PrivateEquityCentral.Net- Friday, December 21
When Ross Gatlin says he and his team are just opening their new private equity firm Prophet Equity, he means that literally. While describing Prophet during a phone conversation, he is interrupted by the landlord of the building in which Prophet is setting up shop to discuss getting him the keys to the front door.
Gatlin’s new firm will look to make control investments in companies with revenues below $500 million. The firm began operations earlier this month and currently has four employees. Gatlin says the plan is for the team to be built out to as many as 20 members.
Prophet will focus on special situations, turnarounds, acquisitions, bankruptcies and reorganizations. The firm will invest in smaller and mid-sized businesses, an area Gatling says is underserved by the investment community, which gravitates toward larger deals. Prophet’s investment strategy will more or less be a generalist approach, looking at everything from aerospace, energy and healthcare, to distribution, manufacturing and telecom. Gatlin says the only sectors in which the firm will not invest are retail, restaurants and real estate.
At the moment, the firm has access to $100 million. Gatlin says $50 million of that is from firm partner capital and the remaining $50 million is from outside investors that match the money dollar for dollar. Gatlin says this structure, where he and others have invested their own money into the firm, has attracted other partners to co-invest with the firm due to the “extreme caretaking” of capital by the firm.
“When it is your own money, you are really careful,” says Gatlin.
Considering the state of the economy due to the subprime meltdown, one has to wonder if this is the right time to start a new private equity firm. Still, listen to Gatlin discuss his new firm and it is hard not to feel his excitement. The state of the credit market does not scare him. In fact, he says current conditions work well for Prophet since he and the Prophet team know how to make money in difficult environments. The firm will employ a number of screens before making an investment.
Gatlin has worked at The Carlyle Group, where he started in 2000, getting caught in the middle of the tech bust, and was a founding partner in Insight Equity.
The Prophet team is not alone in thinking the time is right to enter the market with a new private equity fund. Rory Jones, a principal and cofounder of management consultancy firm Business Intelligence Associates, says this is easily the best time to start a private equity firm. He says firms today are stuck in the old way of doing business – buy an underperforming company on the cheap, install new leadership and then sell in a few years. Jones says this model, however, is outdated because prices have gone up while growth and exit values have remained the same.
“Private equity firms need to have a secret sauce – a systematic approach to driving value in their portfolio companies,” Jones says. “They need to start to behave like real businesses themselves and take their own medicine; they need to differentiate to attract acquiree management teams and capital.”
Jones offers a few suggested ways to do this. One is to manage market strategy by finding untapped pools of profit in the existing business and by targeting long-range market profit pools. He says that nearly 75% of business value is within the 15-year horizon; business leaders tend to focus on the short-term of the next one to three years.
“Old private equity firms appear unable to adapt to the new environment,” says Jones. “If you do start a new firm and focus on a systematic approach to portfolio company operating value growth, you’ll clean up when the portfolio starts maturing in five years.”
If one is to open a private equity fund, the place to be is in the lower end of the middle market, according to Bryan Hursh, a managing director of private equity for Republic Financial. Despite the turmoil in the credit markets seen in the upper stratosphere of deal-making, the smaller end of the spectrum has been relatively unaffected due to lower valuations and smaller leverage multiples. Hursh says there is a massive pipeline of deals in this part of the asset class with more than 275,000 companies with revenues between $5 million and $100 million. Most are family-owned and will be looking for exit strategies.

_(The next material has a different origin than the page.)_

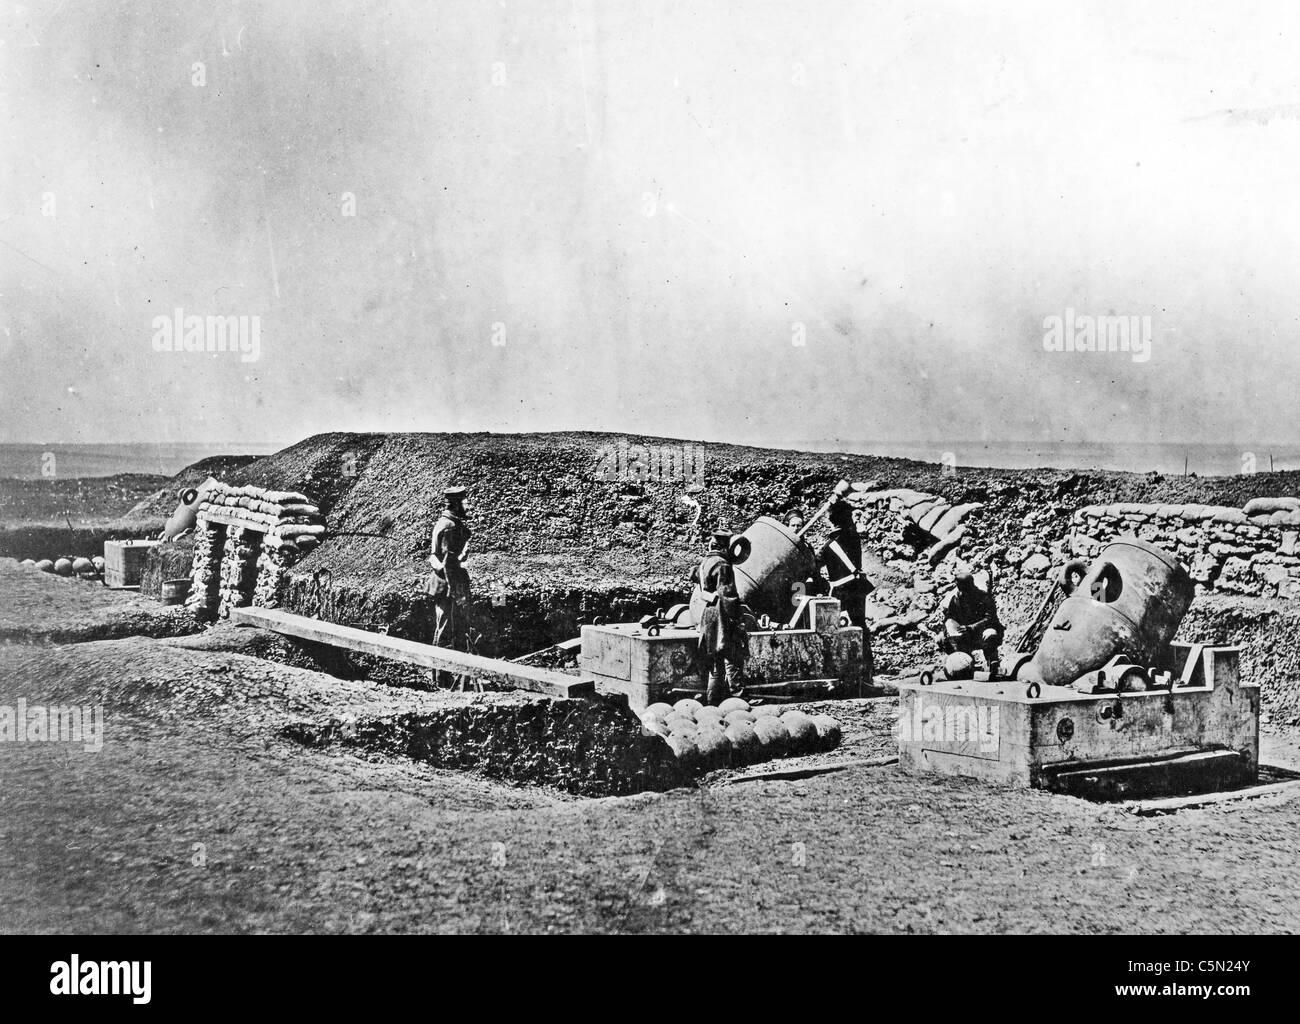 CRIMEAN WAR (1853-1856) British army mortar battery. Photo Roger Fenton - Stock Image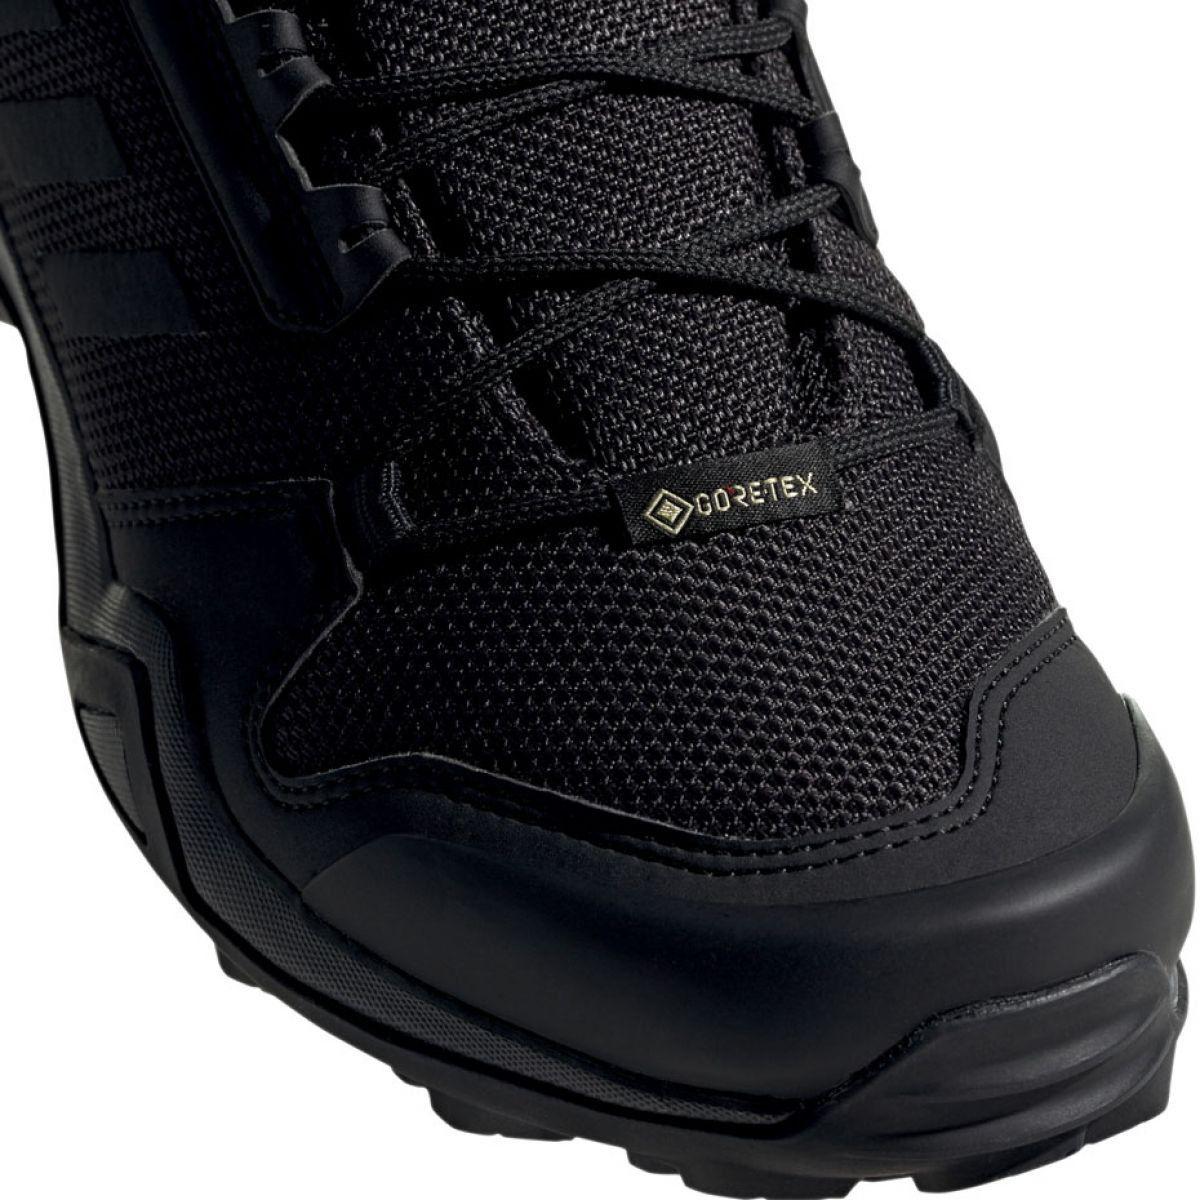 Buty Trekkingowe Adidas Terrex Ax3 Mid Gtx W Bc0590 Czarne Adidas Shoes Women Trekking Shoes Hiking Shoes

It is hard to imagine any private equity fund other than one that invests in distressed markets would be excited right now about the future. Still, funds have raised billions of dollars in the last few years and are prepared to deploy that cash shortly. That means capital will be flowing through the asset class, but more of it will be coming from the funds themselves rather than through debt financing. As we enter the New Year, it is unlikely private equity will tumble as an asset class. However, it probably won’t be surprising to see fewer new funds this time next year.